Nós carregamos tochas // Em noites escuras // As trilhas brilham sob nossos pés // E quem tiver coração // Quem tiver sede de luz // Levantará seus olhos e a nós // E virá à luz!
Não nos aconteceu um milagre // Uma latinha de óleo não encontramos // Ao vale andamos, subimos ao montes // As fontes de luz // Escondidas, encontramos.
Não nos aconteceu um milagre // Uma latinha de óleo não encontramos // Carvamos a pedra até sair sangue // E que haja luz!
Escutem aqui a canção.
Está claríssimo que a canção, escrita em no começo dos anos 1930, fala ao mesmo tempo da guerrilha dos macabeus e dos movimentos armados do Yishuv (população judaica da Palestina pré-1948). O autor não só tira o milagre do óleo para fora da festa, ele ainda toma para si a criação da luz do Gênesis.
O novo judeu da Terra de Israel não foi moldado segundo o judeu diaspórico, muito pelo contrário. Ele é forte e sabe o que quer, dono de seu destino, assim como os macabeus o eram. Vejamos este selo do Keren Kayemet leIsrael (Fundo Nacional Judaico), da década de 1950. Vemos um agricultor com uma arma, e a sombra de um macabeu por trás dele. Sabemos que é um macabeu porque em cima está escrito Dinheiro de Chanuka (dmei chanuka), e abaixo o valor de 25 centavos, o valor do selo.

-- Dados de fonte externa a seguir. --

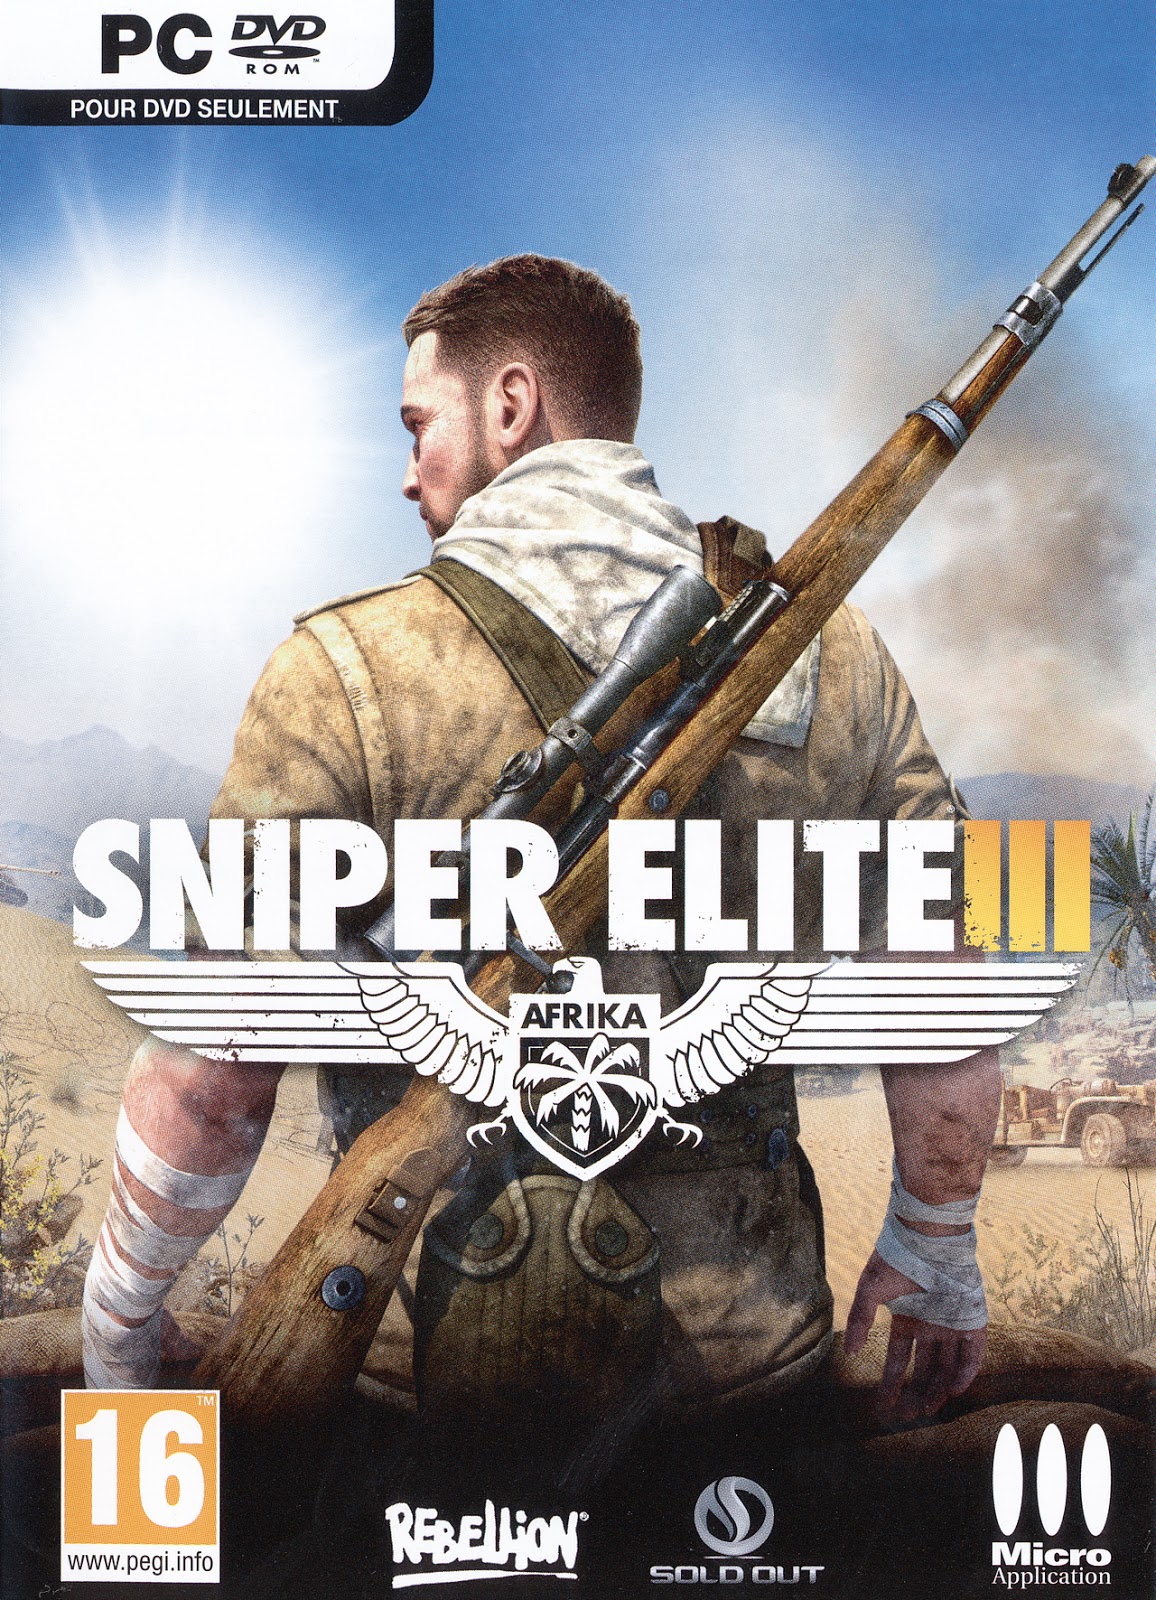 Sniper elite 3 highly compressed games download full

A tradição laica da festa de Chanuka que se formou durante as décadas que precederam a independência de Israel foi simplesmente adaptada, e transposta para outro mês do calendário. O auge da cerimônia oficial de Yom haAtzmaut, que dá início às comemorações, é o acendimento de 12 tochas, representando as tribos de Israel e a união do povo.
À esquerda um cartaz de 1951 sobre o Dia da Independência, à direita um cartaz de 1950 sobre a corrida de tochas de Chanuka. Mera coincidência?

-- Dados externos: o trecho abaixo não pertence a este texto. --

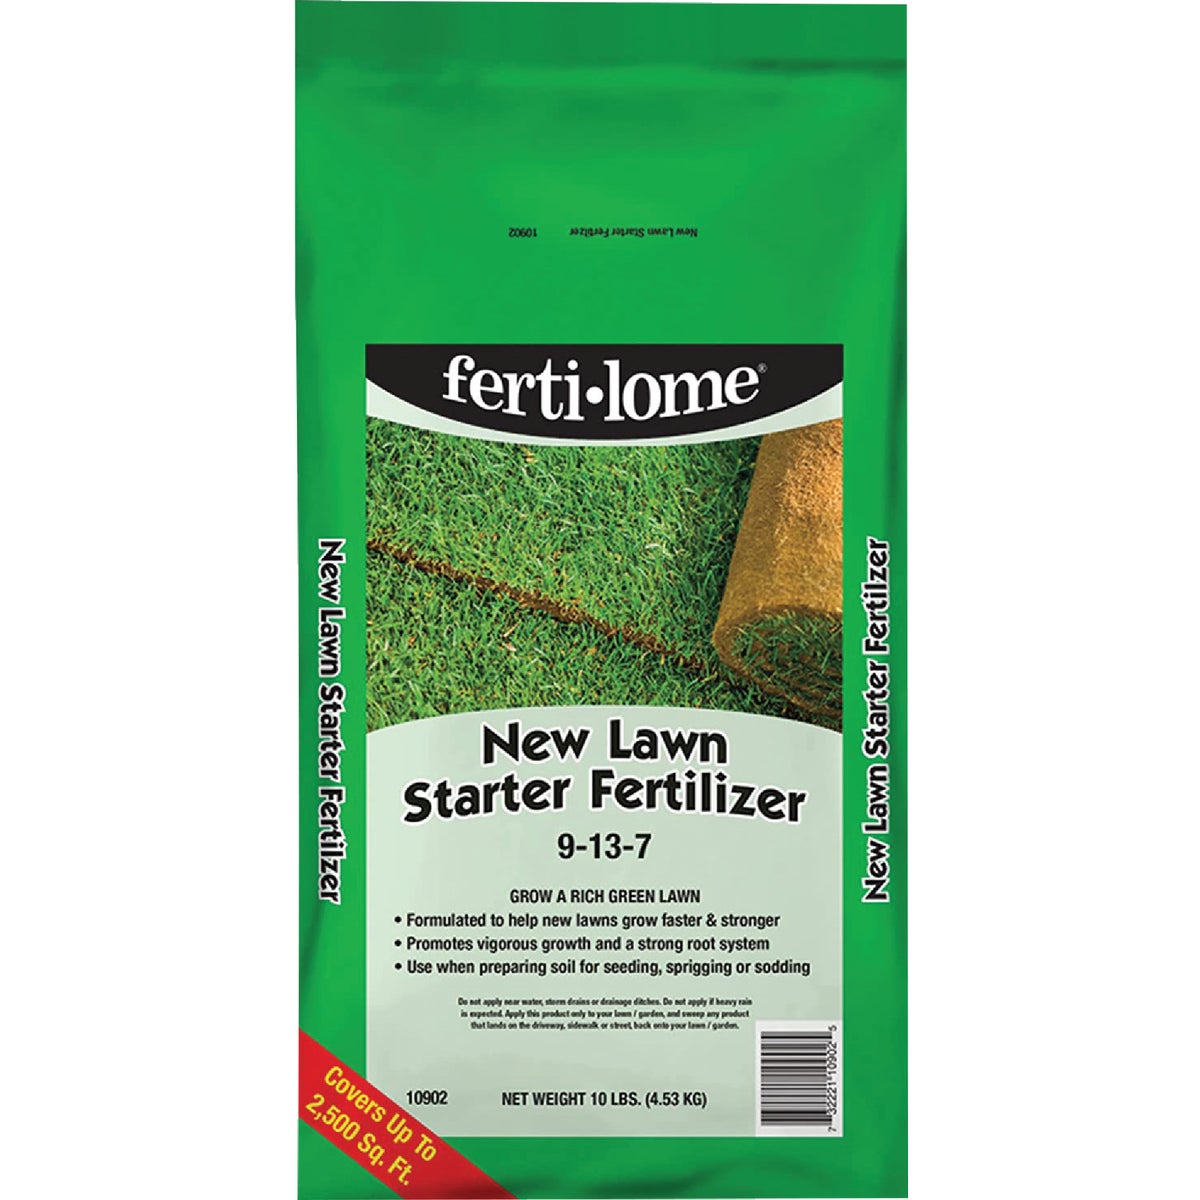 Ferti-lome 10 Lb. 2500 Sq. Ft. 9-13-7 New Lawn Starter Fertilizer

Hoje, a canção “Nós Carregamos Tochas” pode ser escutada tanto no inverno, durante a festa de Chanuka, quanto na primavera, quando cai o Dia da Independência. Abaixo, podemos ver o presidente da Knesset, o deputado Yuli Edelstein, na cerimônia oficial de Yom haAtzmaut de 2015 no Monte Herzl, em Jerusalém. Enquanto ele discursa antes do acendimento da primeira tocha, escutamos ao fundo a canção “nós carregamos tochas”.

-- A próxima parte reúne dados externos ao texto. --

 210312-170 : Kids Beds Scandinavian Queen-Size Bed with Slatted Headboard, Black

Durante seus primeiros séculos, a festa de Chanuka ainda não tinha os elementos religiosos como conhecemos, principalmente o milagre do óleo. A explicação de porque a festa dura oito dias tem a ver com a festa de Sukot, uma das três peregrinações anuais a Jerusalém. Com a inauguração do templo de Jerusalém após sua reconquista em 164 AEC, os judeus puderam comemorar a festa de Sukot tardiamente, o que dá sete dias e mais um de Shmini Atzeret.
Por um lado, Chanuka tem dentro de si a comemoração tardia de Sukot. Por outro lado, durante as décadas que precederam a independência de Israel, Chanuka era uma comemoração antecipada da esperada autonomia judaica. Foi assim que neste último século estas duas festas evoluiram juntas, e são duas faces de uma mesma comemoração nacional de soberania judaica.
Feliz Chanuka! Feliz Yom haAtzmaut!
Fontes: Zeev Galili, United with Israel, My Jewish Learning, Zemereshet, Jpress, Jpress, Shalom Hartman Institute, Palestine Poster Project, Wikipedia, Rashut haShidur, Museum of Family History, Gutenberg.org, WikiSource.